Главе рода Белых Кречетов было девяносто три зимы, он жил, как живой
мертвец, в одном из восточных замков, и никто его не видел и не слышал.
Сын его помер в бою, а наследником рода был Киссур Кречет, старший брат
Марбода Кукушонка. Киссур был человек рассудительный и домосед, рассердить
его было нелегко, а одолеть, рассердив, было еще трудней. Все знали, что
ему было трудно убить человека, особенно если за убийство надо было
платить большую виру.
Брата своего Киссур боготворил. Когда зимой тот стал королевским
дружинником, старая женщина дала Киссуру серебряный топор и велела срубить
Марбодово родимое дерево во дворе замка. Киссур бросил топор в реку и
проплакал три дня, а старая женщина сказала: "Ты отказался отрубить гнилую
ветвь тогда, когда это принесло бы роду честь - теперь тебе придется
рубить ее тогда, когда это принесет роду бесчестье".
Итак, Хаммар Кобчик, закутанный, въехал во двор замка. Вокруг царила
суета: о Марбоде уже все знали. Хаммар Кобчик попросил скорее воды, словно
умирает от жажды. Ему принесли воду, и он стал жадно пить.

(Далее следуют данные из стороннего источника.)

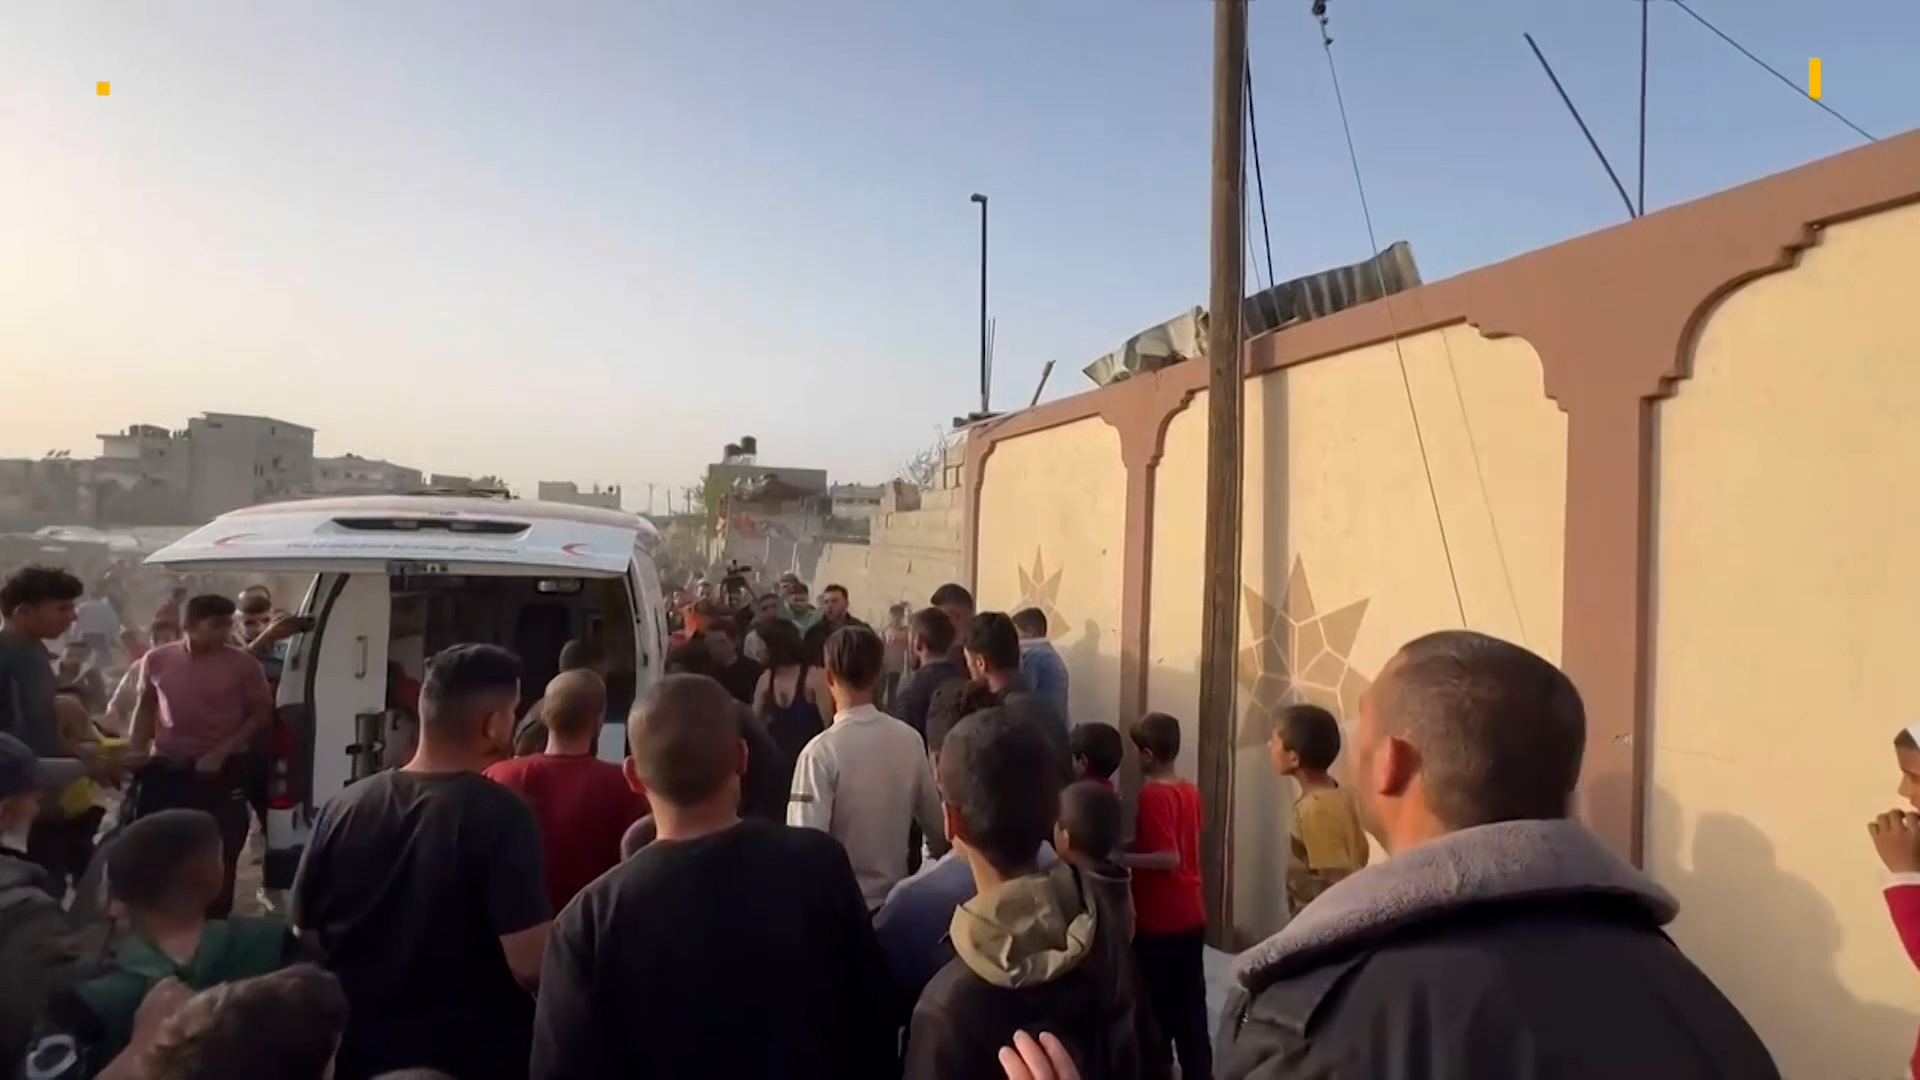 4 شهداء وأكثر من 10 مصابين بقصف قرب خيام للنازحين في رفح | البرامج – البوكس نيوز

Хаммар Кобчик был человек предусмотрительный, и, хотя на гостя,
кровник он или нет, нападать нельзя, кто его знает, что нельзя и что можно
в такую ночь. А на того, кто выпьет или поест в доме, не нападет уже
никто. Вот Хаммар Кобчик выпил поскорее чарку и сбросил плащ. Тут его
многие признали, и Кобчик понял, что пил он чарку не зря.